Celui que l’on nomme Ahmad Al Mohammad, 25 ans, en raison d’un passeport syrien retrouvé à proximité de l’explosion, a déclenché son dispositif mortel devant le Stade de France. Selon le procureur de la République, il pourrait en être le propriétaire, dans la mesure où il existe une «concordance entre ses empreintes papillaires et celles relevées lors d’un contrôle en Grèce effectué en octobre 2015». En revanche, il peut tout à fait avoir volé ce document ou avoir acheté un faux passeport. En effet, la police serbe a arrêté samedi un migrant en possession d’un passeport syrien portant le même nom que celui découvert à Paris. Les données sont les mêmes, mais la photo différente, révèle le magazine serbe Blic. Il est donc tout à fait probable que les deux hommes aient acheté, séparément, des faux passeports syriens, chez le même faussaire en Turquie, conclut le magazine. Quoi qu’il en soit, il est avéré que ce kamikaze du Stade de France est arrivé en Europe récemment.

Les autorités grecques ont fait savoir que ce passeport avait été enregistré le 3 octobre sur l’île de Leros, située à 35 kilomètres des côtes turques, parmi un groupe de 70 migrants, principalement des Syriens. L’homme serait ensuite passé par la Macédoine et la Serbie, où il a fait une demande d’asile, avant de rejoindre la Croatie, puis la Hongrie. A ce stade de l’enquête, difficile de savoir si ce terroriste s’est réellement mêlé aux réfugiés pour arriver en France ou si Daech lui a fourni ce document pour tenter de diviser l’Union européenne sur l’accueil des migrants.

Le fugitif

Salah Abdeslam, 26 ans, le cadet de Brahim Abdeslam, est soupçonné d’être le huitième terroriste. Ce Français résidant à Molenbeek est activement recherché par toutes les polices européennes. On sait que c’est lui qui a loué la Polo noire repérée au Bataclan, mais on ignore le rôle qu’il a joué dans les attaques.

Salah Abdeslam a été contrôlé samedi matin dans une Golf noire par la police française à Cambrai, dans le cadre des contrôles renforcés aux frontières, mais il n’a pas été interpellé, pas plus que les deux autres passagers de sa voiture.

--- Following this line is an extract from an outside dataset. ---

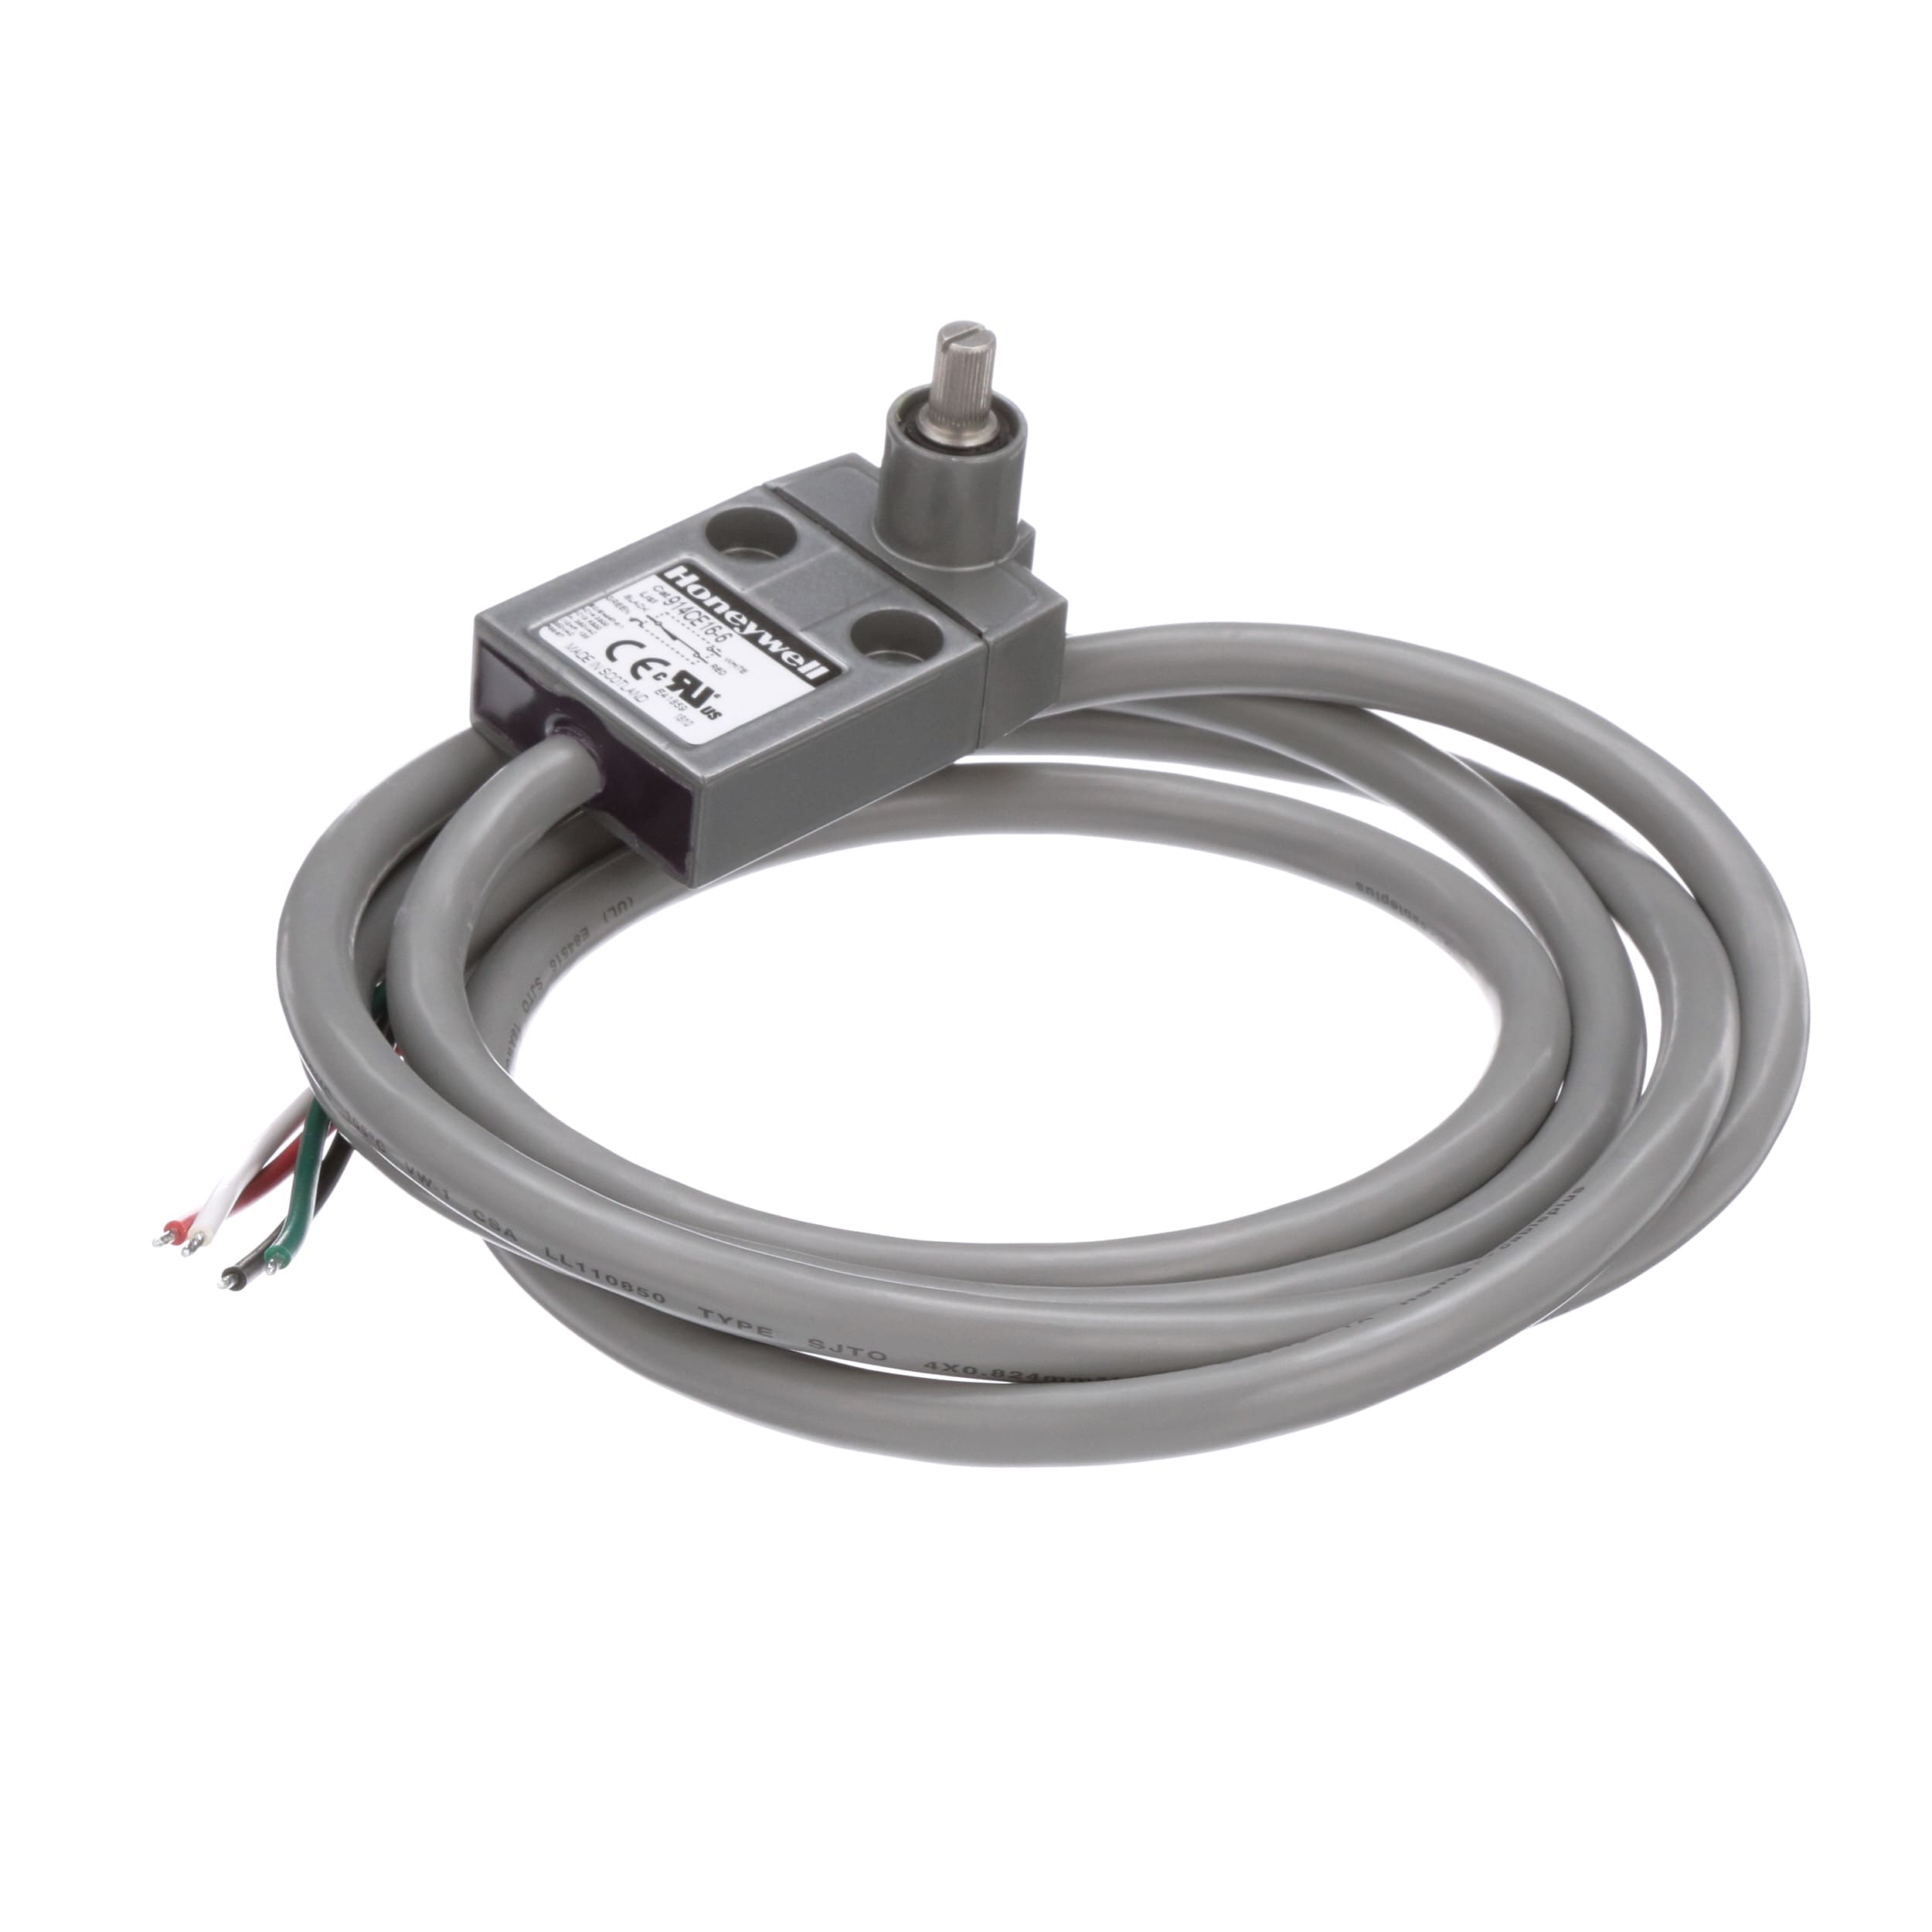 PM-910 Pelacables profesional para electricista 1000V - IEC 609000
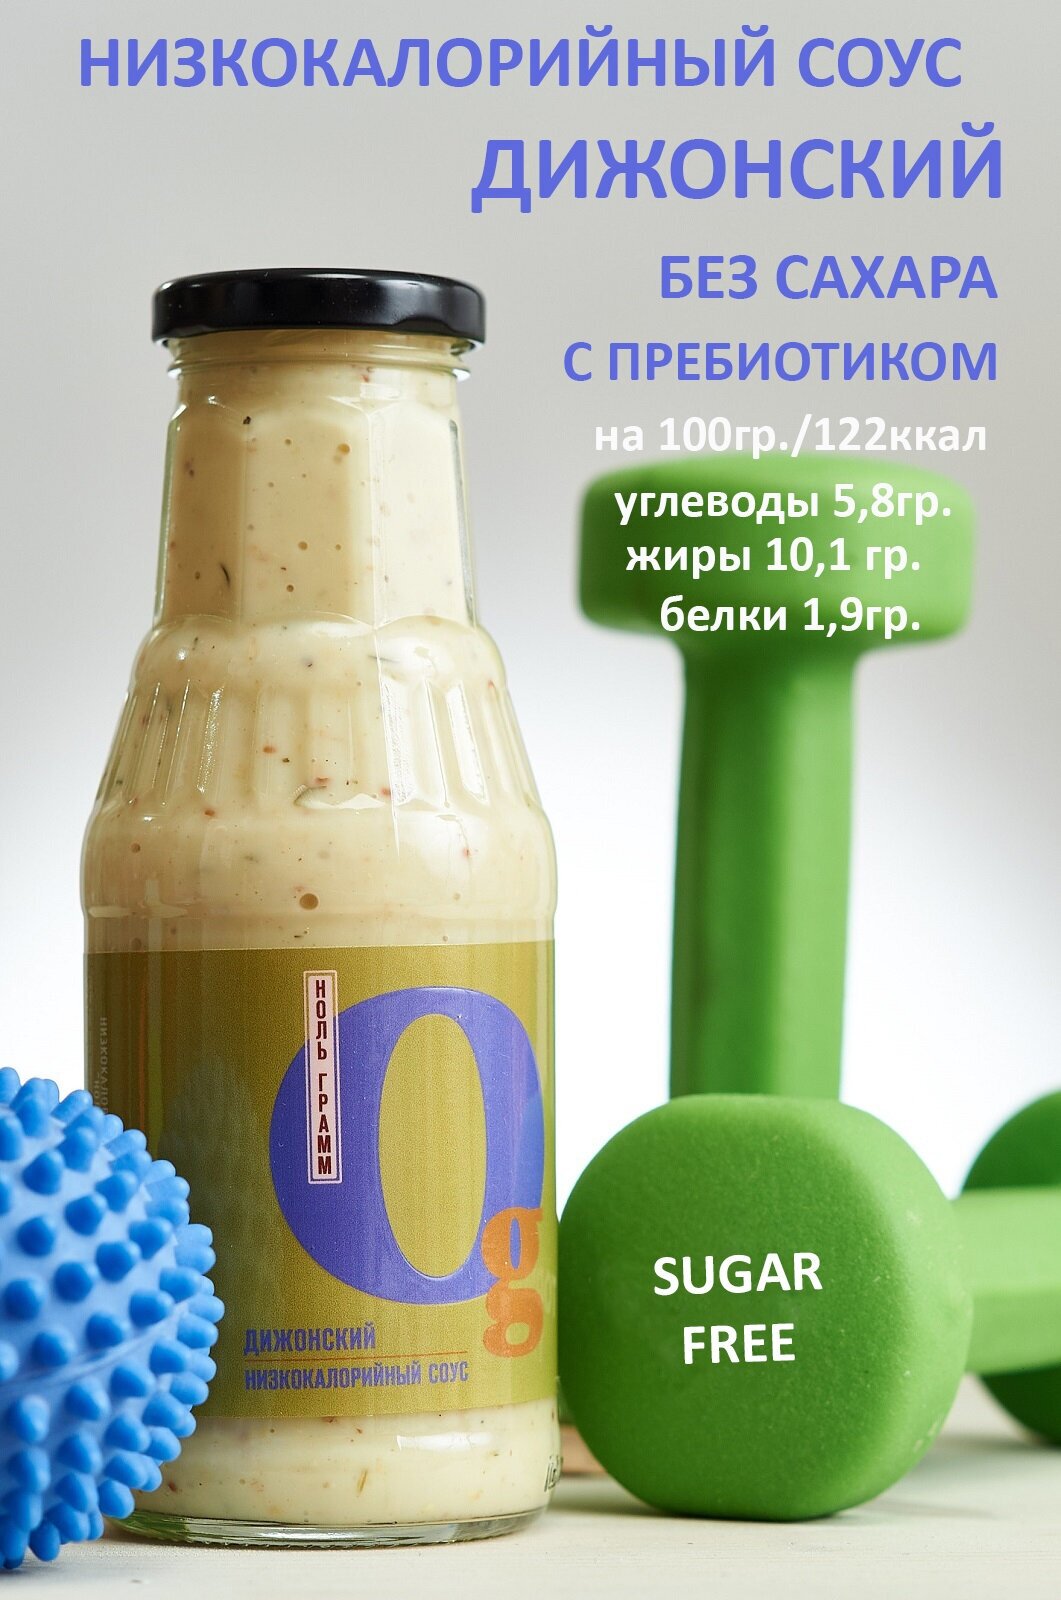 Низкокалорийный zero соус без сахара с пребиотиком "Ноль грамм" Дижонский, 330г

En effet, les enquêteurs n’étaient pas encore sur sa trace.

Cet ancien employé des transports en commun bruxellois est également connu de la justice belge pour vols et trafic de stupéfiants. Et, comme son frère, il a séjourné en Syrie.

Reste maintenant à identifier les deux derniers assaillants, le troisième kamikaze du Bataclan et celui du Stade de France et à éclaircir le mystère du passeport syrien retrouvé au Stade de France.